Unterhalb der beiden 3,5“ Blenden (also auf der Vorderseite) befindet sich der PC Speaker. Erinnert sich noch jemand an die – zugegeben sehr piepsigen, aber dennoch ikonischen – Sounds, die der kleine Lautsprecher produziert? Sei es nun ein schriller Piepton zur Signalisierung eine BIOS-Fehlers oder die (unter Berücksichtigung der Hardwarelimitierungen) toll klingenden Musikstücke, welche Sounddesigner und Videospielentwickler dem kleinen Lautsprecher entlocken konnten.
Apropos BIOS – wollten wir nicht den Computer eigentlich öffnen, um nach der BIOS-Batterie zu sehen?
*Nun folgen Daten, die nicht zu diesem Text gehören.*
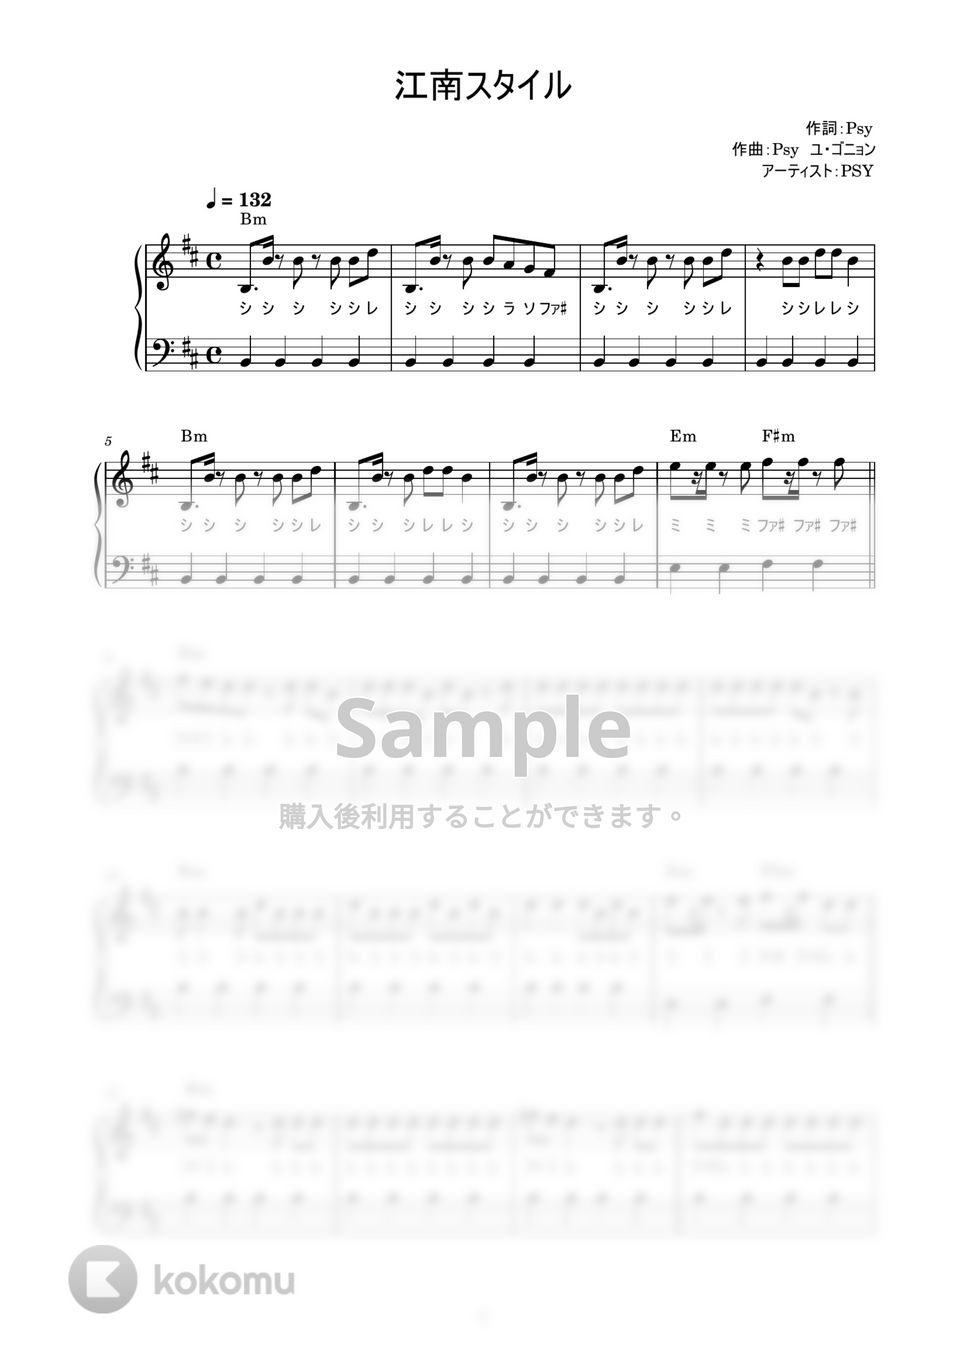 PSY - 江南スタイル (かんたん / 歌詞付き / ドレミ付き / 初心者) by piano.tokyo

Es ist echt unfassbar, wie leicht man sich manchmal ablenken lässt. Schnell zurück zum Thema: Während zum Erhalt der BIOS-Settings heutzutage (überwiegend gesockelte) Knopfzellen in PCs, Laptops und Tablets zum Einsatz kommen, befindet sich in unserem Gerät noch ein alter 3,6V Varta-Nickel-Cadmium-Akku (3/V60R) samt eigener Ladeschaltung.
Mal sehen, ein kurzer Messvorgang mit dem Multimeter bestätigt, dass der Akku platt ist. Doch was sehe ich da? Scheint so als wäre einiges an Batteriesäure auf die naheliegenden Bauteile ausgelaufen, welche ein paar der Kontaktpunkte bereits angegriffen hat. Puh, das sieht nicht gut aus…
Seht es mir nach, dass ich an dieser Stelle eine Pause mache. Der Beitrag ist schon wieder recht lang und wenn ich ehrlich bin habe ich jetzt gerade überhaupt keine Lust, mich darum zu kümmern! 😛
In diesem Sinne – bis die Tage, ciao!